Today is Intersex Awareness Day.
For most people in the world that’s a nice side note. Like seeing a car rally with a few random people driving a make and model of a car you’ve never seen before. It’s interesting and novel, but not incredibly relevant to you.
For some of us, it’s a day to reflect on a piece of reality that lies beneath the very foundation of our existence. We are incredibly aware of the 5 biological markers that are more and more commonly believed to work together in defining gender, gender identity and even gendered attraction.
I realize that sentence may be lost on many people – including strong members and allies of the LGBTQ community. So let me take a step back and explain it a completely different way.
According to the biblical narrative, after the earth had flooded and clouds were receding and sunlight was once again breaking through the atmosphere, water and light combined to display the first visible rainbow. Color had presumably been around since the beginning of creation, but since post apocalyptic display put color to the map so to speak.
Fast-forward a couple of millennia to a shop in Germany where man and machine were collaborating on an epic step forward in history: the first printing press. Now despite the presence of color in the world around us, the first press was only capable of presenting either black or white; ink was either present or not. Even with its limitations, the technology was revolutionary and the result was beautiful. Black and white was good.
As time pressed on, it was discovered that the white space and black space could be managed in order to give the illusion of gray. Before long the space between black and white was being mastered by printers around the globe. The simple and become a little more complex and flexible. New arts and expressions emerged and the world saw that the grey was good.

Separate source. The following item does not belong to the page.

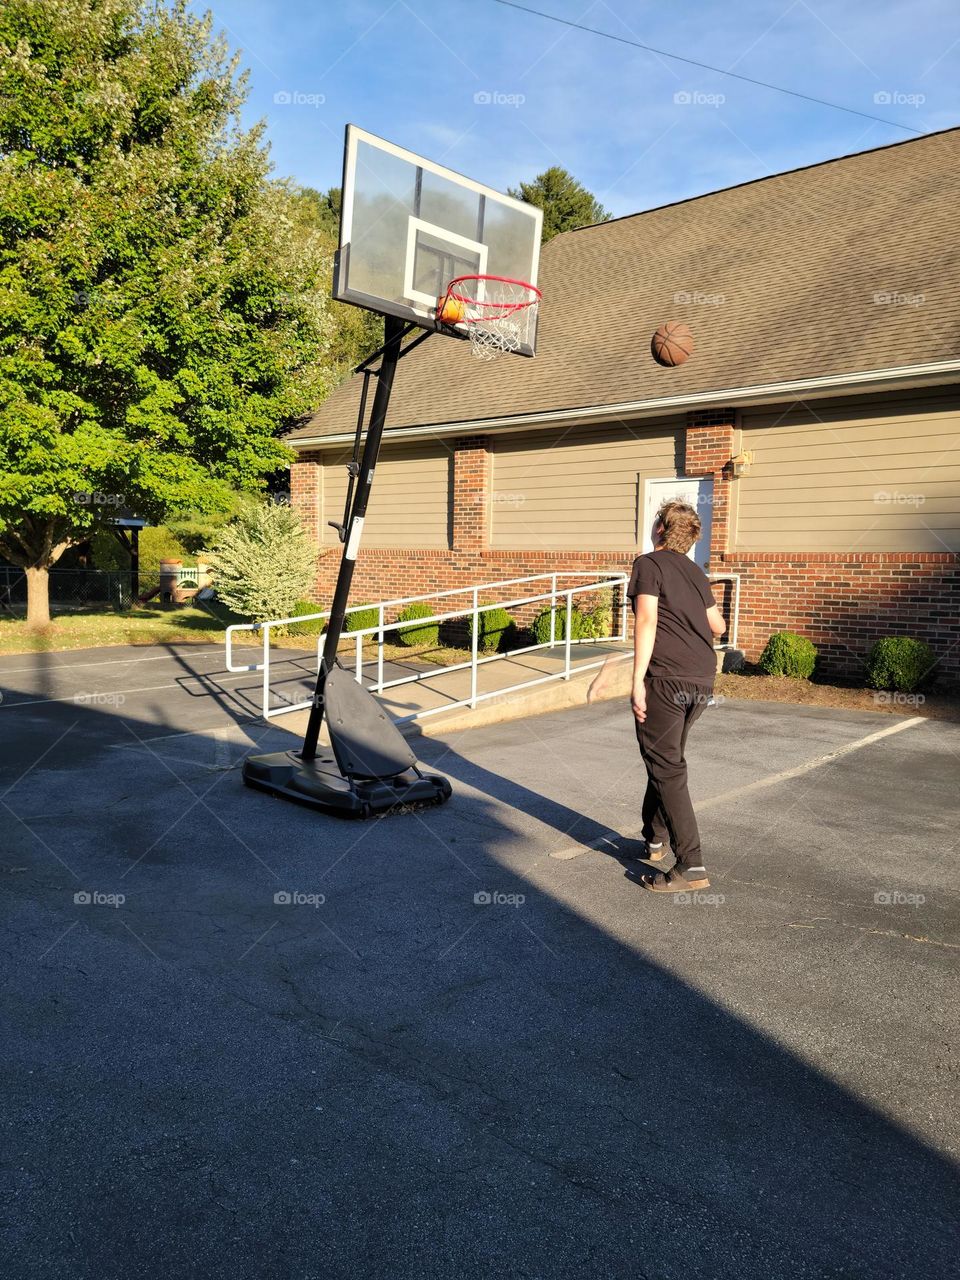 Grandson shooting hoops

As even more time passed, print masters noticed that basic colors could be blended with multiple passes through a printing press to give the appearance of many colors – even thousands of colors. In print we use red, yellow and blue. In light we use red, blue and green. The result is the same. The machines became more complex and the product more striking and beautiful. The world saw that the colors were good.
Eventually artists and technicians alike began looking at the colors of nature and the colors coming off the press and realized that nature was by far out pacing the press. In an effort to keep up, the three basic colors were replaced by four colors. Once again the machine became more complicated and the product more stunning. People everywhere saw that the four-color press was good.

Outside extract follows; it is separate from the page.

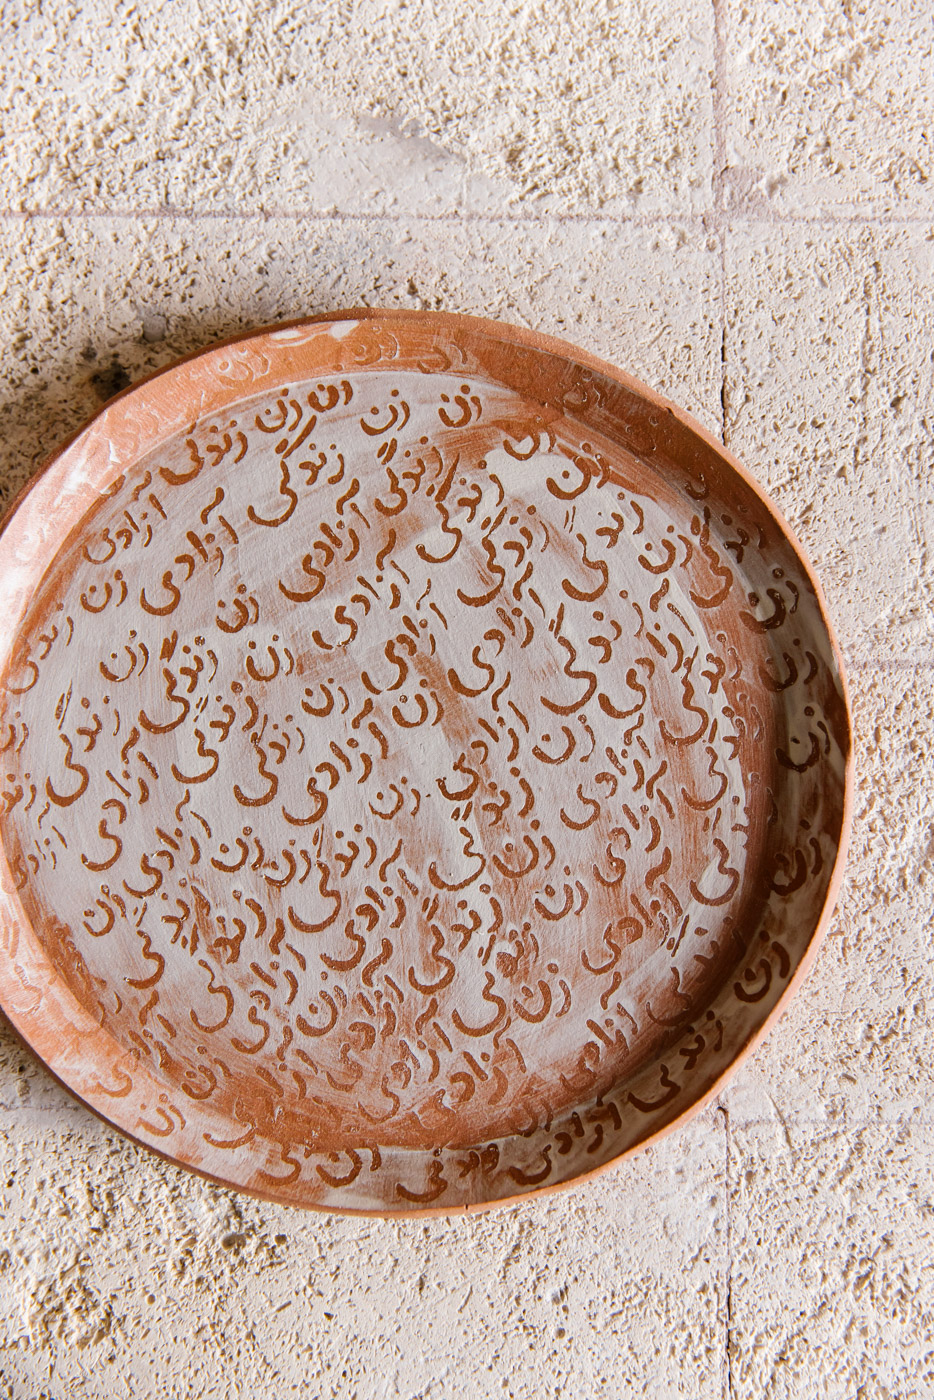 Iranian ceramic piece created by Clay by Soraya

Before long computers were assisting the human eye. It was noted that by adding even more root colors to the press, the millions of colors generated by a four-color press could be come trillions of colors with six and eight-color presses. Magazines, book covers, posters and billboards began to jump off the pages with deep and vibrant life. While the complexity of the designs and process grew exponentially, so did the possibilities and beauty of the work being published. In so many ways, the colors were seen as good.

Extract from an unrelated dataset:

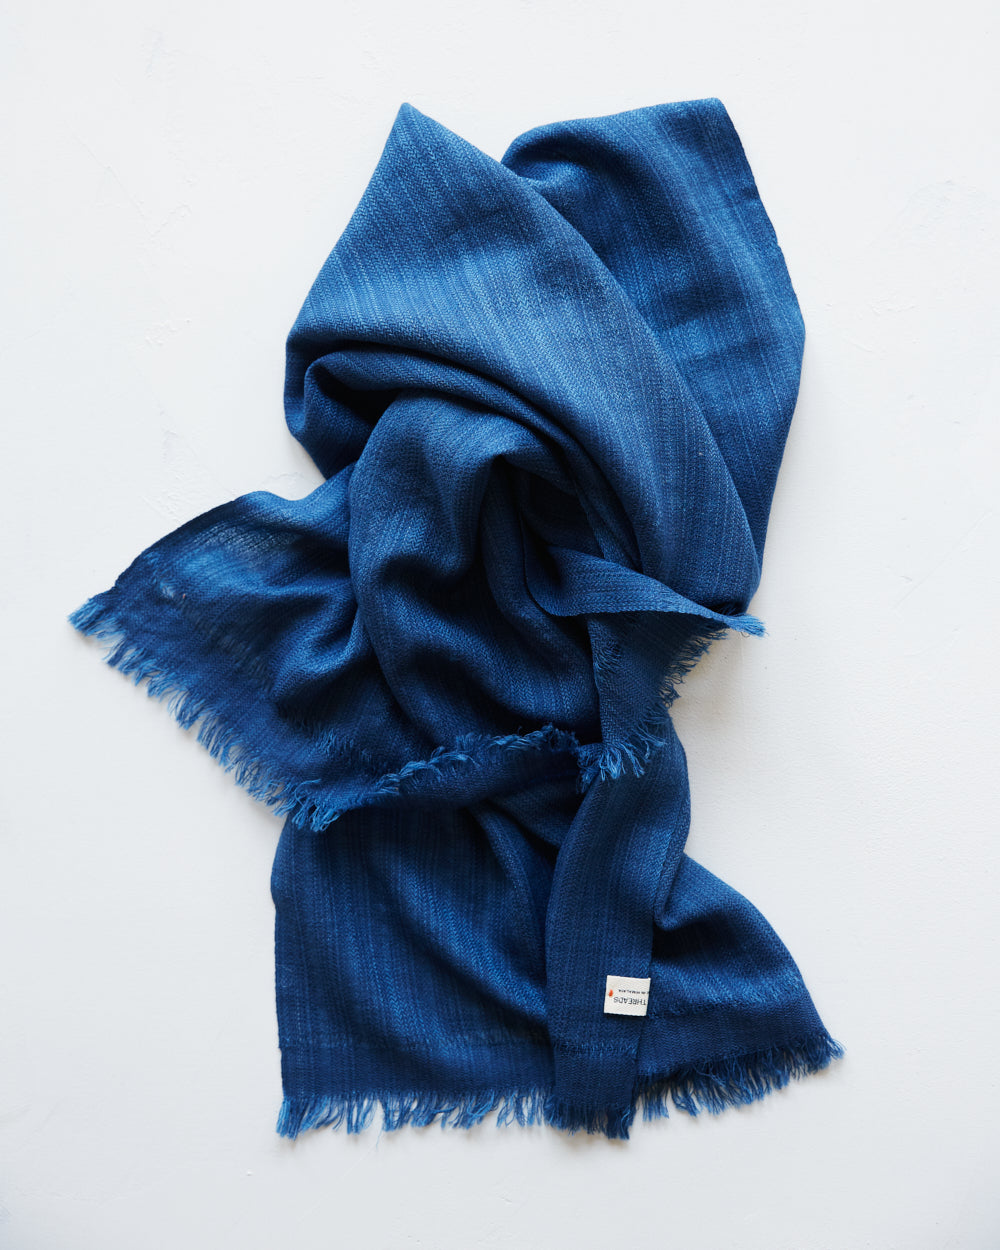 "Pema" stor sjal i merinoull från Västbengalen

Our understanding of gender has been on a similar trajectory. We stated with a simple black and while based on the external organs. We now recognize up to five different parts of the body that contribute to what of us is male and what is female, feminine and masculine. And much like the colors, none of these are either on or off – they present themselves somewhere along a gradient. The all combine to create trillions of varieties of humanity along the complex and beautiful spectrum of gender. Each one special, each one unique, and each of God’s immense creative power. And now may the world see that all are good.